Transcription factors specific to a domain are important C/T regulators. (A) Heatmaps of the C/T expression of transcription factors identified by the SOMs as domain-specific. The domain is indicated with a red label on the heatmap. The gene expression matrix was first background subtracted to remove the influence of ‘non-expressed genes’ below the threshold of 40 normalized sequence tags, log2 transformed and converted to a gene-wise Z-score. Displayed here is the mean of the Z-scores for all of the C/Ts in the respective domains for all TFs annotated as domain-specific. (B) Heatmap of epigenetic factors in the embryonic domain. Shares the same color-bar scale with panel A. (C) Heatmap of RNA binding proteins in the embryonic domain. Shares the same color-bar scale with panel A. (D) TFs that appear in more than 1 domain. (E) TFs used in trans-domain differentiation protocols, either identified as domain-specific (top) or not identified (bottom). The black squares indicate the target domain the TF was used to differentiate a C/T to.
We noticed that many TFs were not confined to a single domain but could be found within multiple domains (Figure 6D, Supplementary Table S9), particularly TFs such as Sox9, which was identified as domain-specific for the mesoderm, neural crest, neurectoderm and surface ectoderm domains. This matches closely to Sox9's known biological functions, as Sox9 is known to regulate neural crest development (52), glial cell commitment in the neurectoderm (53), chondrocyte function in the mesoderm (54) and hair stem cell development in the surface ectoderm (55). Other cross-domain TFs may also similarly participate in multiple roles in multiple domains.

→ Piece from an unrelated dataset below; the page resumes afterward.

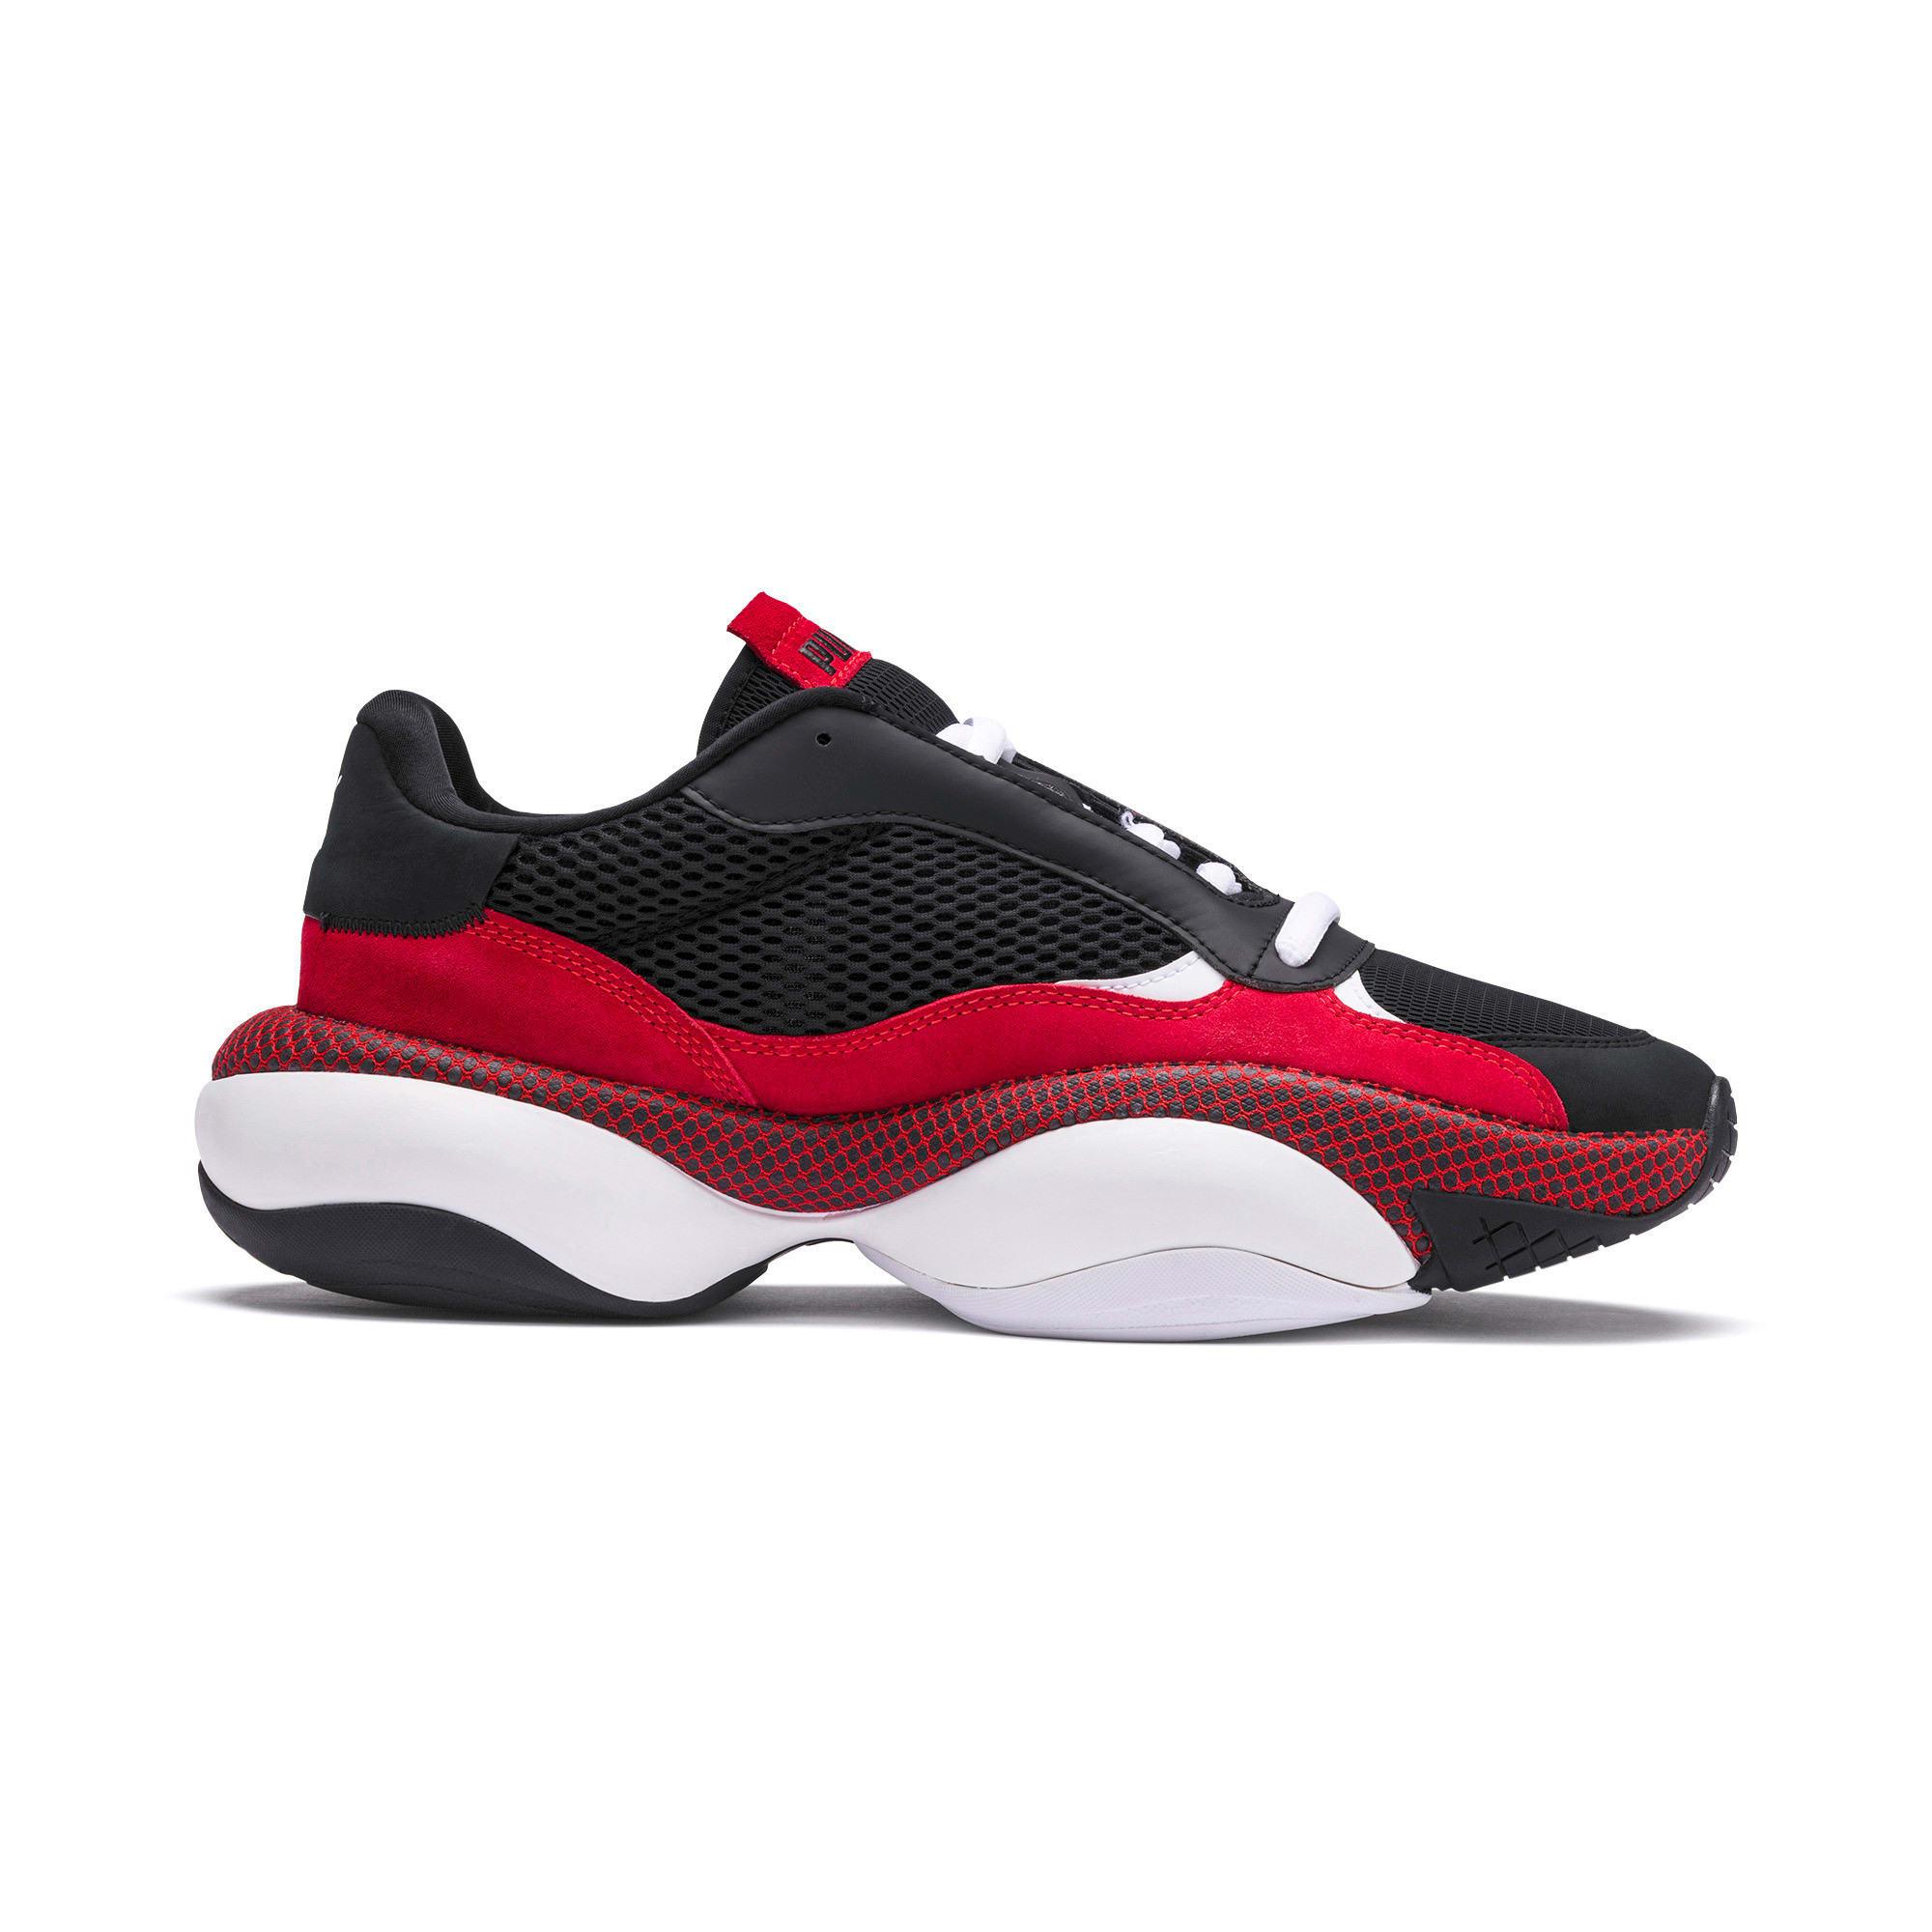 Thumbnail 6 of Alteration Blitz Sneakers, Puma Black-High Risk Red, medium

Domain-specific genes as transdifferentiation markers
To determine the utility of these TFs in potential trans-differentiation experiments, we analyzed the known TF-mediated trans-differentiation protocols (56). Many of these protocols are within-domain transdifferentiation protocols. For example, in the conversion of fibroblasts to cardiomyocytes, both cell types are mesoderm-derivatives (57), whilst the transdifferentiation of macrophages to B cells, involves two blood mesoderm cell types (58). Of the transdifferentiation protocols that we could identify as crossing a domain, and that were not going from the embryonic domain to a differentiated somatic cell (56), 40% (36/91) of the TFs utilized for transdifferentiation were domain-specific (Figure 6E, Supplementary Table S10). Monte Carlo simulation of the expected number of matching TFs, drawn from all expressed TFs, suggests the expected number of observations by chance alone is 1.2% (1.1/91, 100 000 simulations, P < 0.01 Fisher exact test). Consequently, although we cannot identify all trans-differentiation TFs, the lists of domain-specific TFs is a potentially useful set of genes to extract putative candidate TFs for trans-domain differentiation experiments, and to score the destination of in vitro differentiated cells. As an example of the latter, we analyzed three RNA-seq datasets that profiled the differentiation of mouse ESCs to determine the lineage commitment as the cells are in vitro differentiated. Mouse ESCs differentiated to cardiomyocytes (59) showed a downregulation of embryonic domain genes, and an upregulation of mesoderm and neural crest genes (Figure 7A), and in vitro differentiated motor neurons (60) showed a strong commitment to a neurectoderm cell fate (Figure 7B). Conversely, retinoic acid treatment of ESCs (61) showed a commitment to multiple cell fates (Figure 7C). This analysis shows the utility of these gene sets to identify the direction of in vitro differentiation.
Figure 7.
Domain-specific genes can be used to score in vitro differentiation direction. Domain-specific genes were counted as expressed in mouse ESCs or in their differentiated progeny and are presented as the percent of the total domain-specific genes expressed in those cells. (A) Percent of domain-specific genes from the indicated domains in mouse ESCs (top) or in vitro differentiated cardiomyocytes (bottom). Data was from GSE67868 (59). (B) Percent of domain-specific genes from the indicated domains in mouse ESCs (top) or in vitro differentiated motor neurons (bottom). Data was from GSE60240 (60). (C) Percent of domain-specific genes from the indicated domains in mouse ESCs (top) or mouse ESCs treated with the pro-differentiation agent retinoic acid (bottom). Data was from GSE39523 (61).
DISCUSSION
The three germ layer model of cell type classification is the major model for specification of cell type during development (62). Derived mainly from morphological and anatomical observations it has been wildly successful in defining C/T organization. Here, we reinterpret this model using computational and genomics techniques to understand the global organization of C/Ts and their relationships. Using co-correlation networks, PCA and SOMs these models suggest the existence of eight major domains of C/T identity, corresponding to the neurectoderm, neural crest, surface ectoderm, endoderm, mesoderm, blood mesoderm, germ cells and embryonic domains. Intriguingly we could recover most of this domain-organization using only lncRNA expression, suggesting that the domain-specific pattern of gene expression is embedded within the expression pattern of multiple regulatory molecules.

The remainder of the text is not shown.